Progression-free Survival (PFS) Using Response Evaluation Criteria in Solid Tumors (RECIST)1.1.	Time from start of treatment to time of progression or death, whichever occurs first, approximately 10 months	PFS is defined as the duration of time from start of treatment to time of progression or death, whichever occurs first. Progression per the RECIST is at least a 20% increase in the sum of the diameters of target lesions, taking as reference the smallest sum on study (this includes the baseline sum if that is the smallest on study). The appearance of one or more new lesions is also considered progressions.

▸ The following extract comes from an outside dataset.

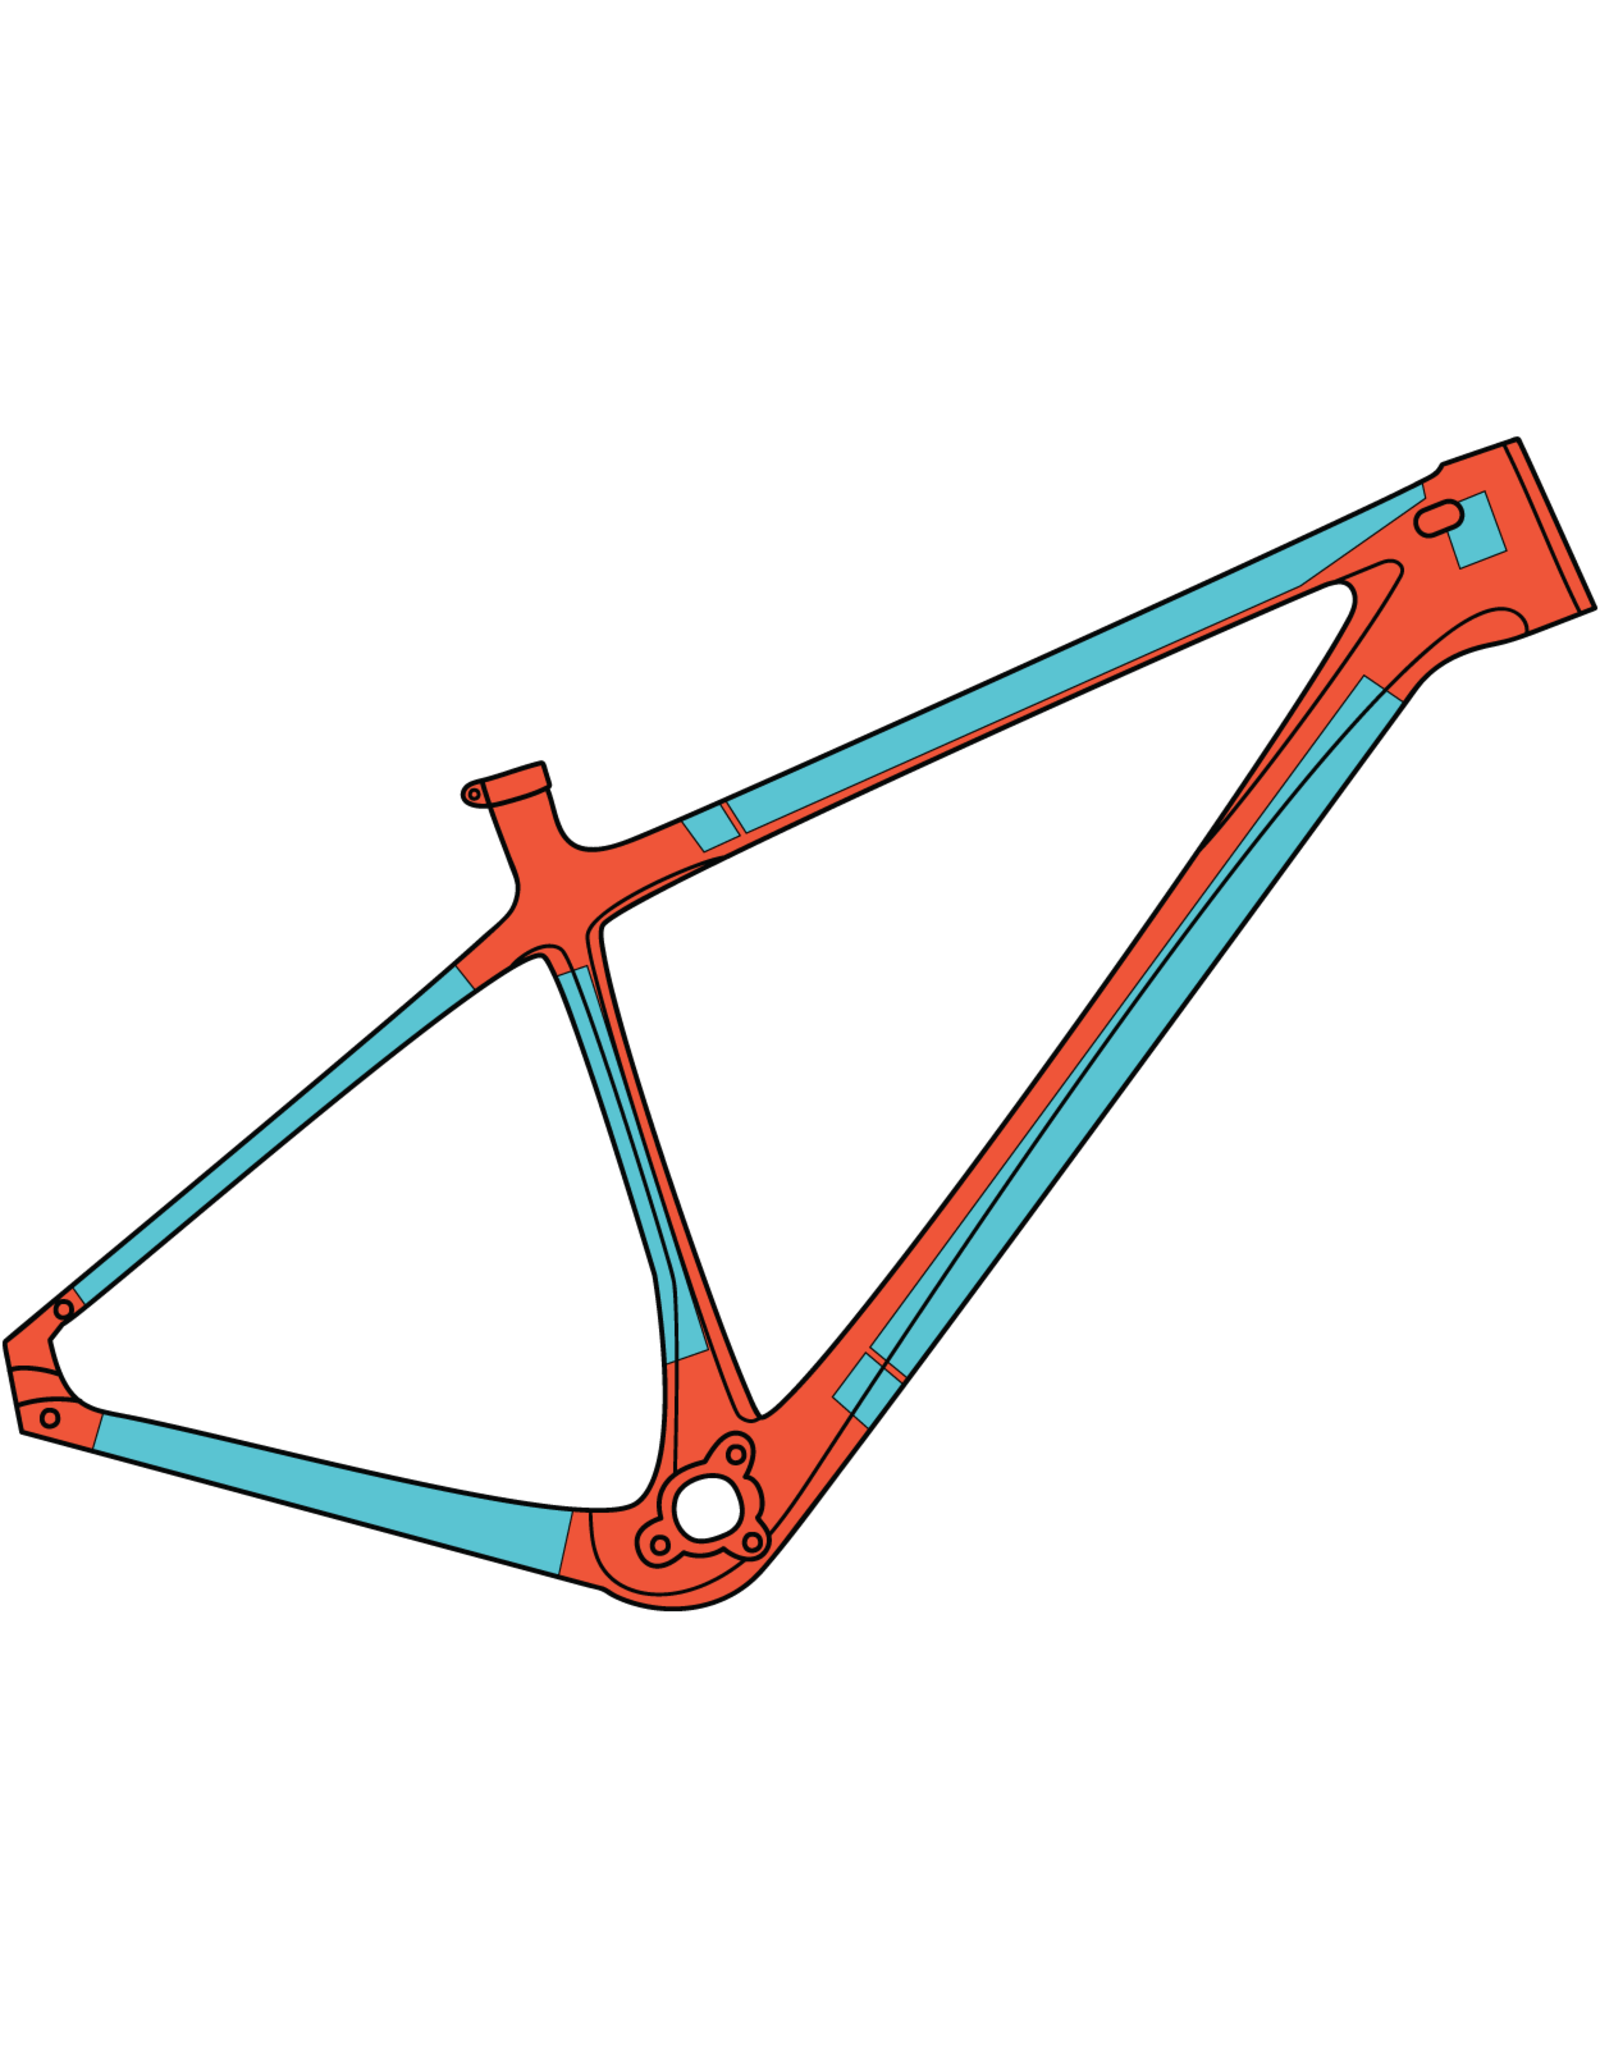 RideWrap RideWrap - Covered Hardtail MTB, Protective Wrap, Matte Clear
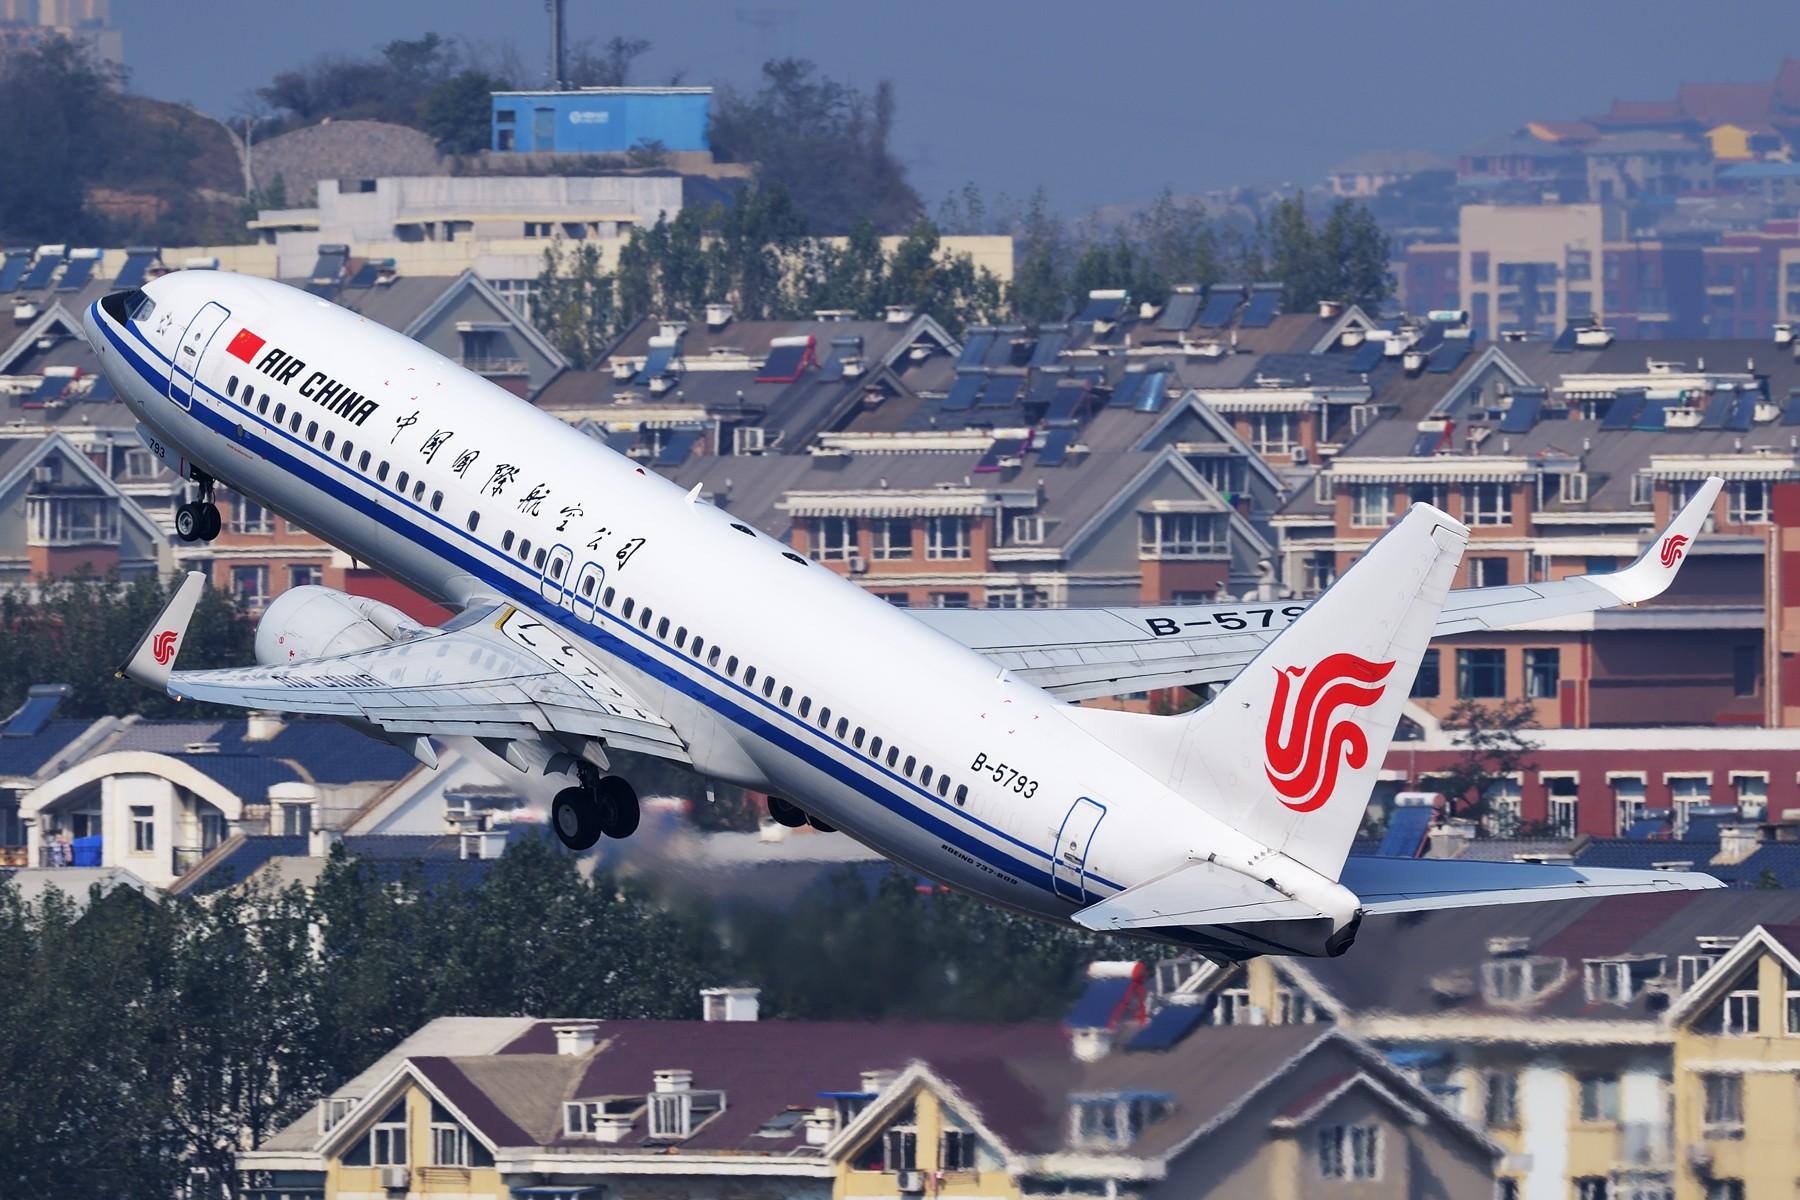 Re:[原创]★[DLC]2016年终总结(持续更新中)★ BOEING 737-800 B-5793 中国大连国际机场

Pharmacokinetic Profile of SX-682 as a Single Agent and in Combination	Predose, 30 minutes, 60 minutes, 120 minutes, <6 hours of 2nd dose, and end of infusion (EOI)	Plasma and serum samples will be drawn and may be analyzed by a validated immunoassay to quantitate SX-682 as a single agent and in combination or by a validated electrochemiluminescence immunoassay to detect the presence of M7824 concentration.
Pharmacodynamic Profile of SX-682 as a Single Agent and in Combination	Predose, 30 minutes, 60 minutes, 120 minutes, <6 hours of 2nd dose, and end of infusion (EOI)	Plasma and serum samples will be drawn and may be analyzed by a validated immunoassay to quantitate SX-682 as a single agent and in combination or by a validated electrochemiluminescence immunoassay to detect the presence of M7824 concentration.